[SUPPLIED RECORDS]
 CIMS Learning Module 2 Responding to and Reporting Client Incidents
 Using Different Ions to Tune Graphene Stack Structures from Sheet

--

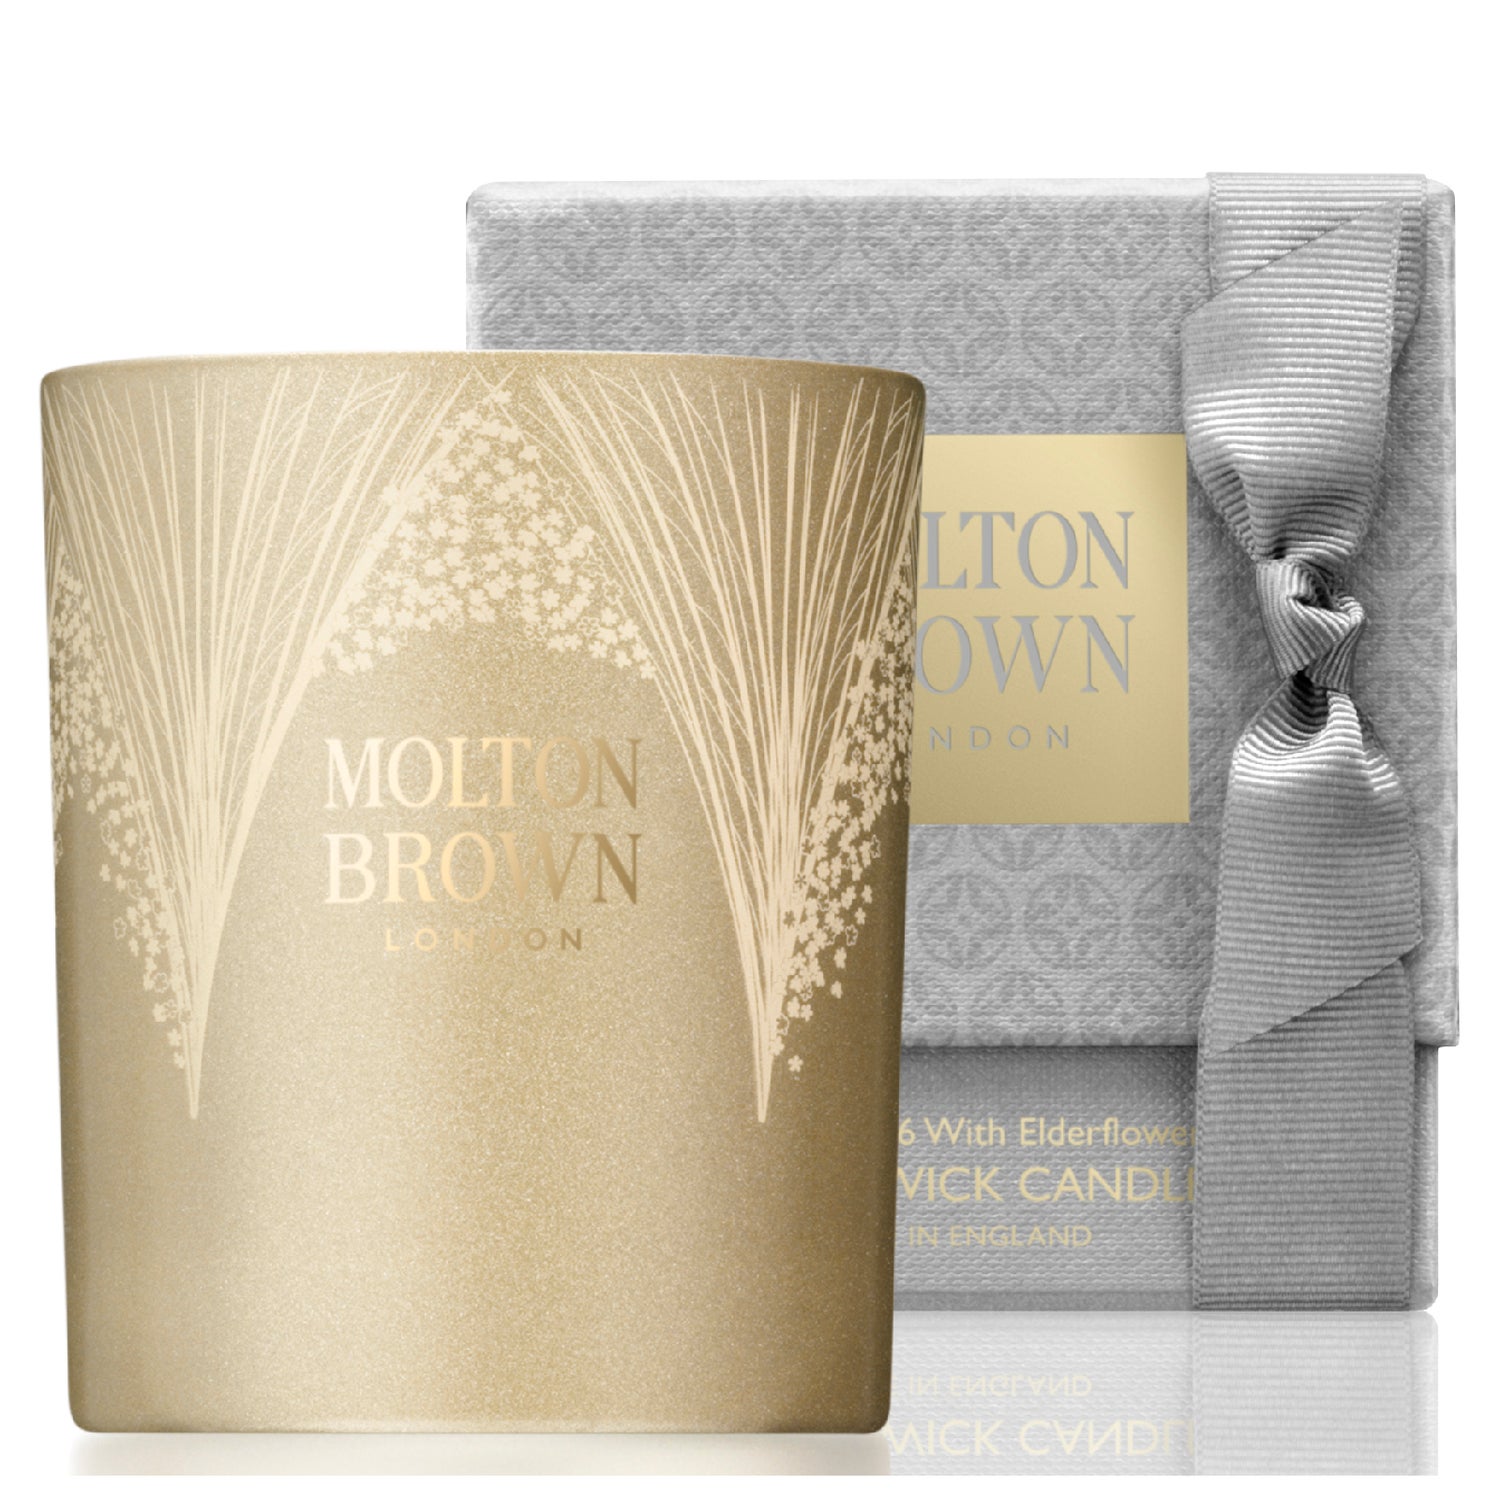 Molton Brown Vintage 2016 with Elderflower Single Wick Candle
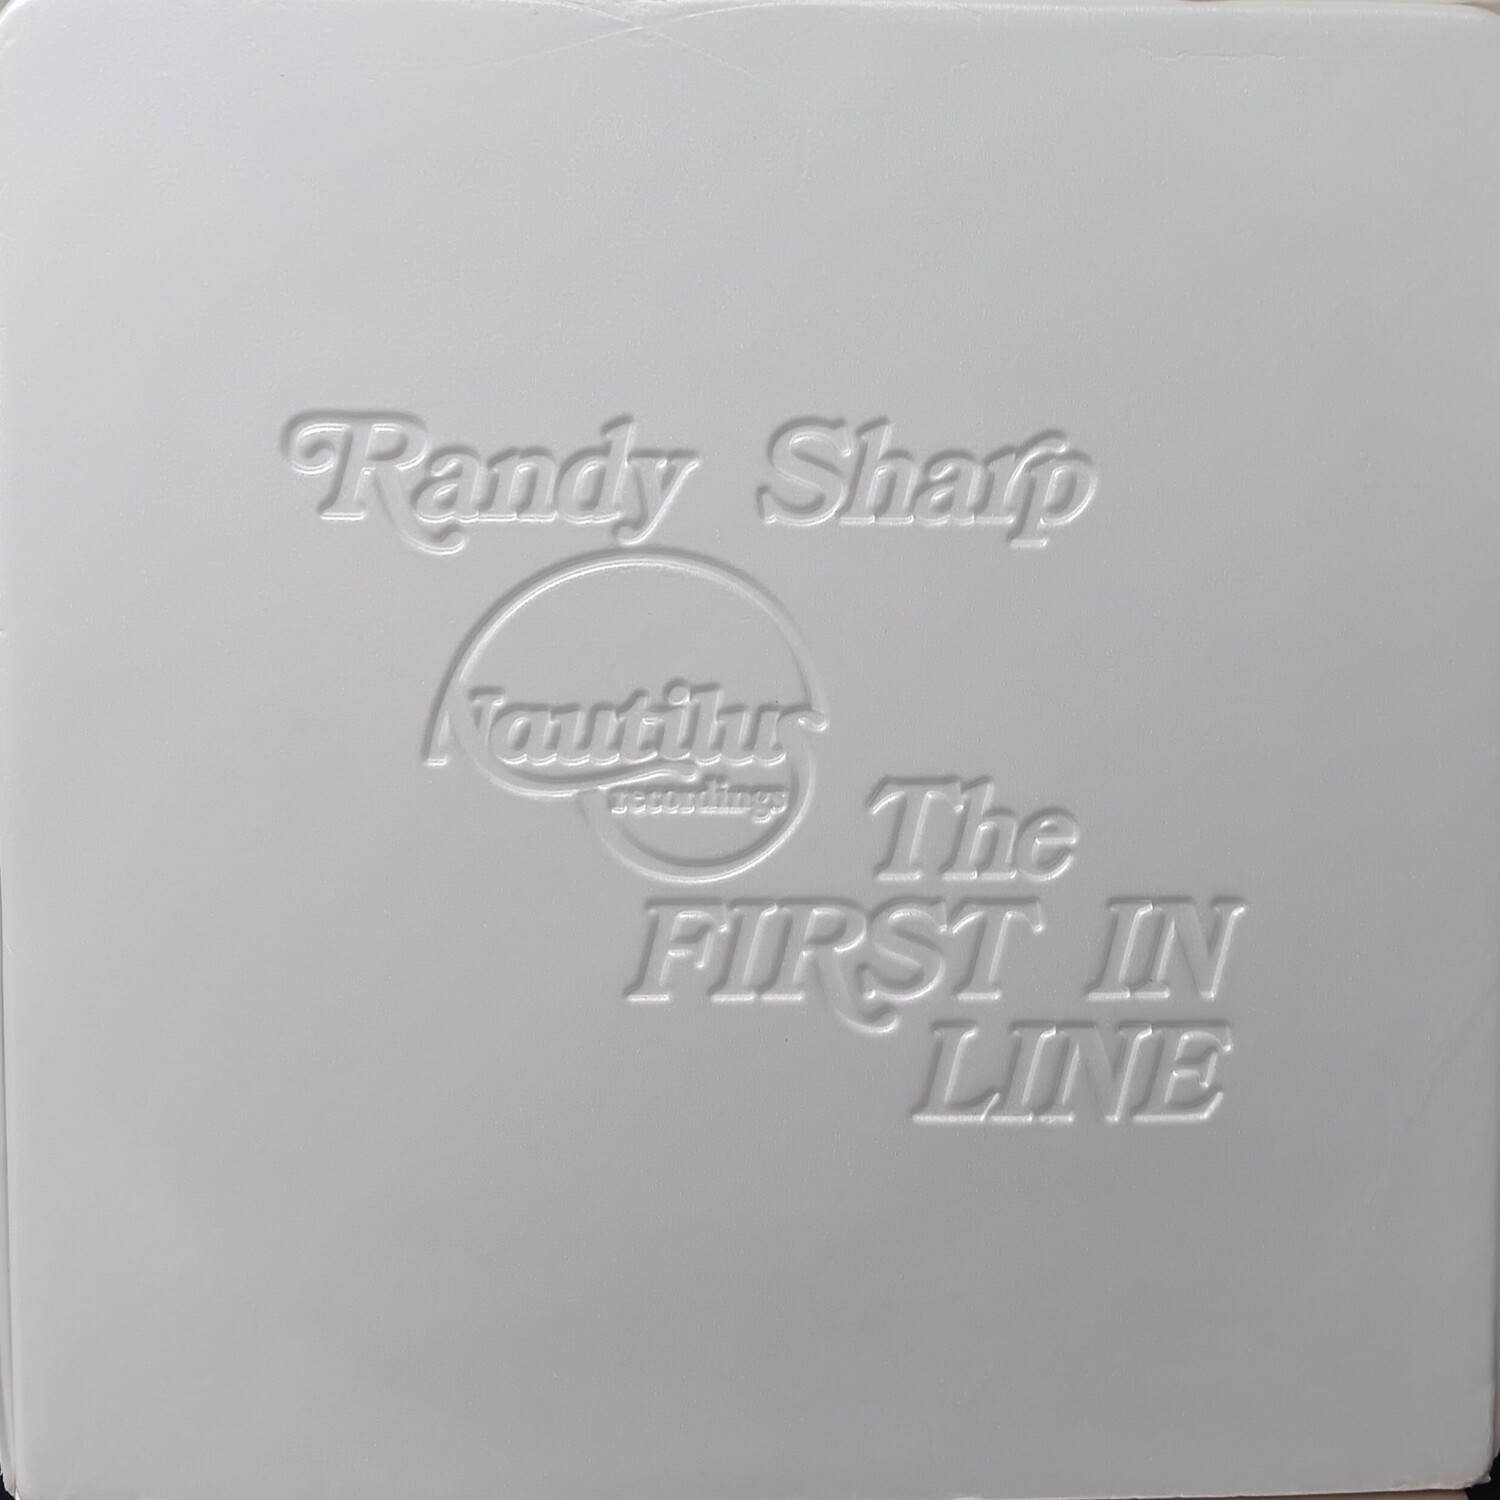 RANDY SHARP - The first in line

[WHAT YOU NEED TO DO]
Going back over the entries above, copy word for word every line from the one that has "CIMS Learning Module" on through the one that has "Using Different Ions".

[FINISHED TASK]
 CIMS Learning Module 2 Responding to and Reporting Client Incidents
 Using Different Ions to Tune Graphene Stack Structures from Sheet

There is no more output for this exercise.